Виктор повернулся и, не оборачиваясь, легко побежал к причалу.
— До свидания, гайдзин… — шептала Майуко. Слова чужого языка имели вкус слез, хотя ей казалось, что она не плакала. — Самый лучший гайдзин на свете…
* * *
Острый нос катера послушно рассекал волны. Высовываться за высокий пластиковый щит, возвышающийся над приборной доской, было чревато — холодный морской ветер хлестал по глазам, словно плеть, щедро смоченная соленой морской водой.
— Третий час катаемся, — пожаловался продрогший Колян, скрючившийся на скамье. — А мы точно не в Австралию едем?
— Точно, — буркнул проветрившийся и оттого немного пришедший в себя Генка. Сейчас он сидел у штурвала катера и то и дело с беспокойством поглядывал на приборную доску. Стрелка указателя наличия топлива уверенно ползла к красной отметке.
— А ты откуда знаешь? — въедливо поинтересовался Колян.
— Компас видел когда-нибудь?
— Видел, — буркнул мулат. — И откуда ты взялся такой умный?
— С полюса.
— Откуда?!
— Откуда слышал.
— Я серьезно.
— Я тоже.
— И у вас все там на полюсе такие умные?
— Все.
Виктор сидел на корме и с не меньшим беспокойством вглядывался в даль. Дымка почти рассеялась, и в этом «почти» все явственнее угадывалась черная точка, неумолимо становящаяся всё отчетливее и жирнее.
— За нами погоня, — наконец сообщил он, поворачиваясь к перебрехивающимся спутникам.
Генке, на удивление ловко справлявшемуся с управлением, хватило одного поворота головы, для того чтобы определить степень опасности.
— Японский военный катер, замаскированный под краболовную шхуну, для разведки и патрулирования российских территориальных вод, — с ходу определил он. — В трюме пара-тройка тонн крабов для отвода глаз в случае чего. На борту автоматическое оружие и гранатометы, которые чуть что сбрасываются в воду.
Генка замолчал, что-то подсчитывая в уме.

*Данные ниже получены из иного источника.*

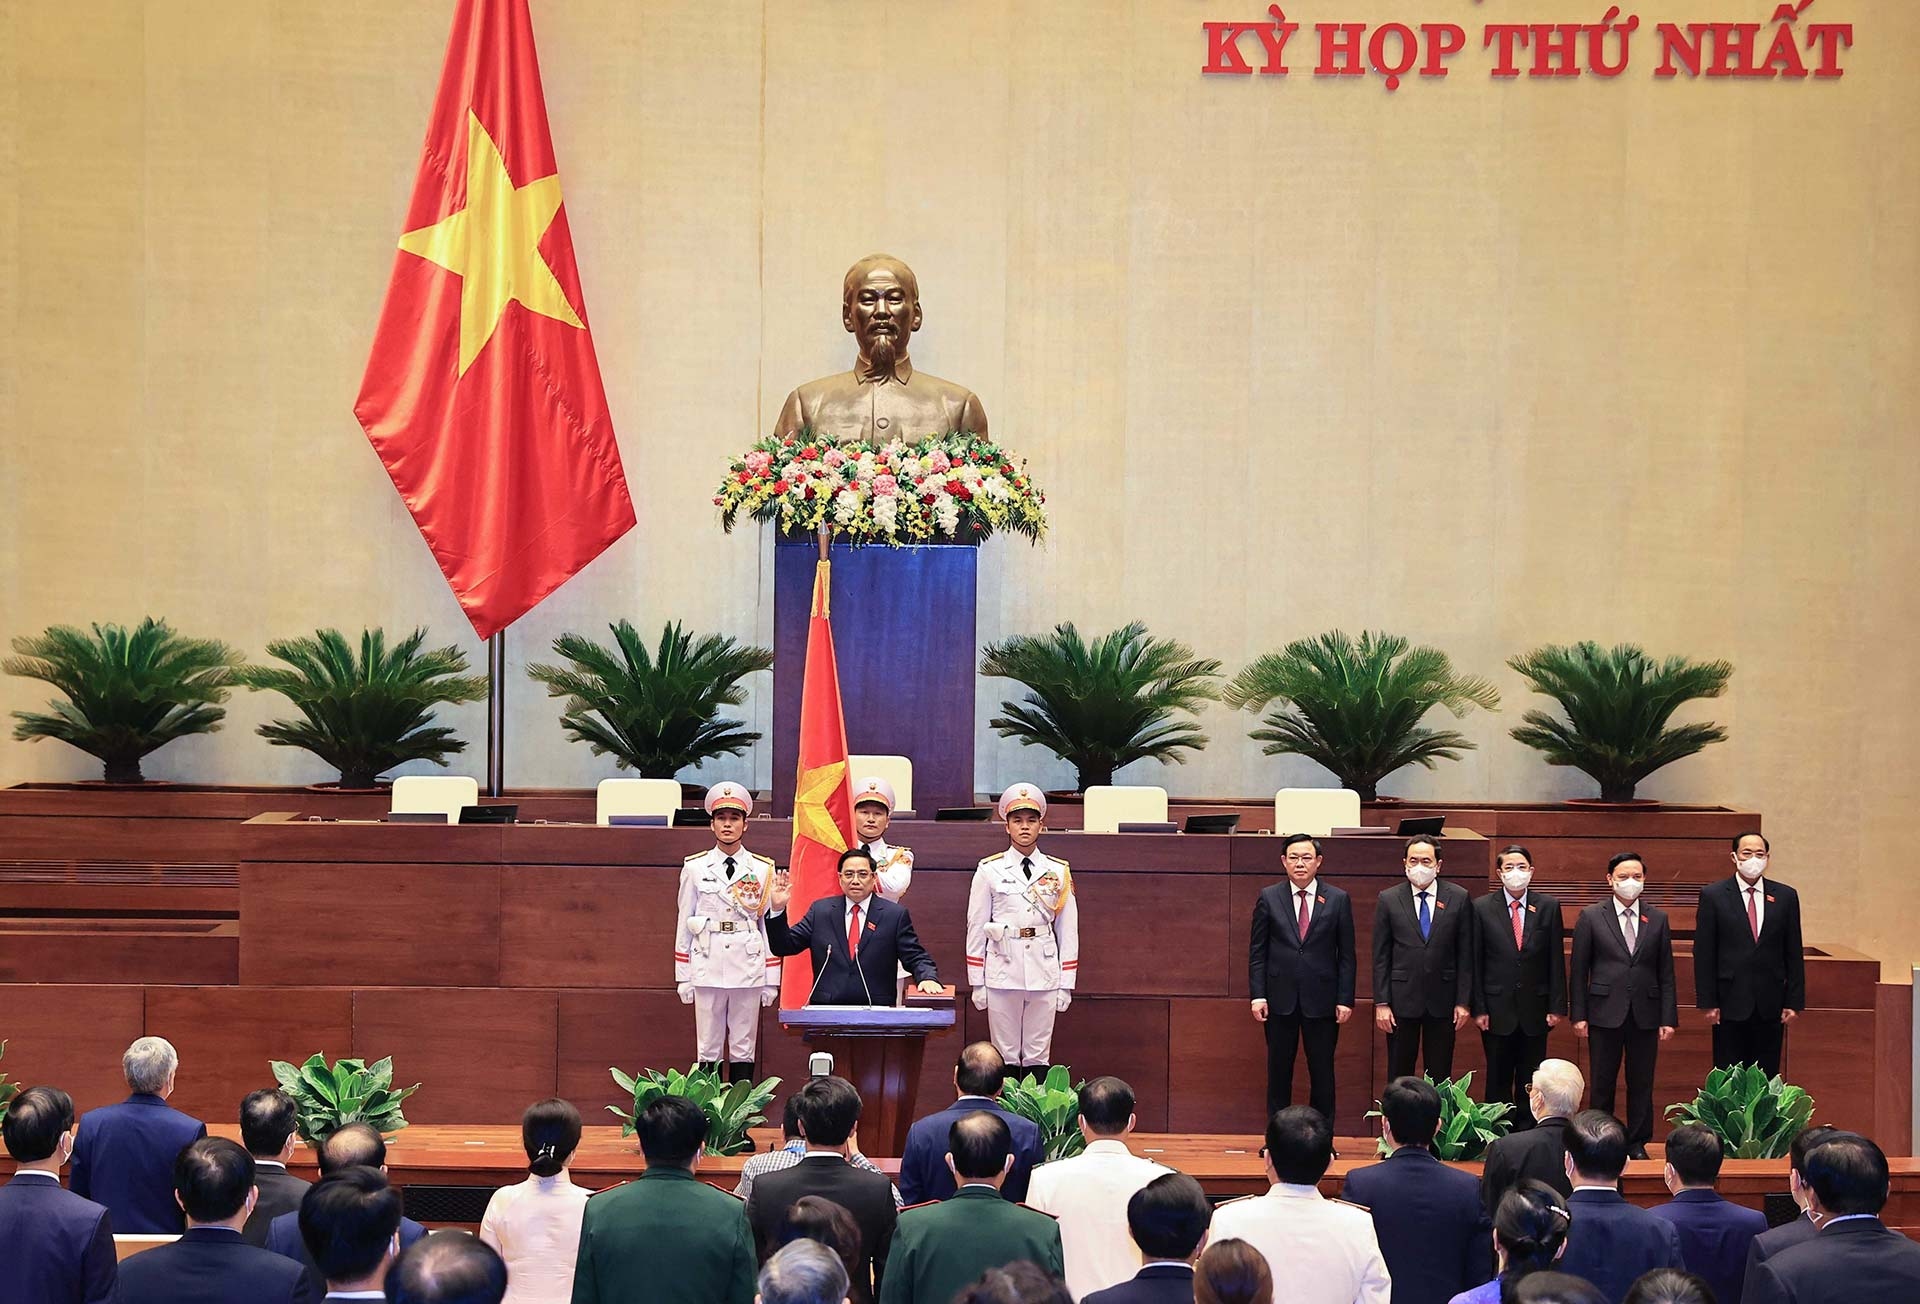 Pham Minh Chinh re-elected as Prime Minister for 2021-2026 tenure

— Они включили форсаж, — сообщил он. — Через пятнадцать минут мы будем в зоне досягаемости.
— В зоне досягаемости чего? — спросил Колян, обалдевший от обилия столь подробной информации.
— Гранатометов, — спокойно сказал Генка.
— Ох-ё!.. — выдохнул Колян и вжался в угол.
Виктор развязал сагео и снял со спины меч.
Так. Правая мэнуки на рукояти — это тот самый ребристый штырь. Который бьет на двадцать метров. Что маловато. А дракона слева мы нажимать не пробовали. Ага. И если Александра не наврала, то…
Японская шхуна стремительно приближалась. На ее носу появился человек с трубой.
То, что труба не водопроводная, догадаться было нетрудно. Потому, как совершенно незачем, стоя на шаткой палубе шхуны, раздвигать водопроводную трубу, словно штатив, а после пристраивать ее на плечо.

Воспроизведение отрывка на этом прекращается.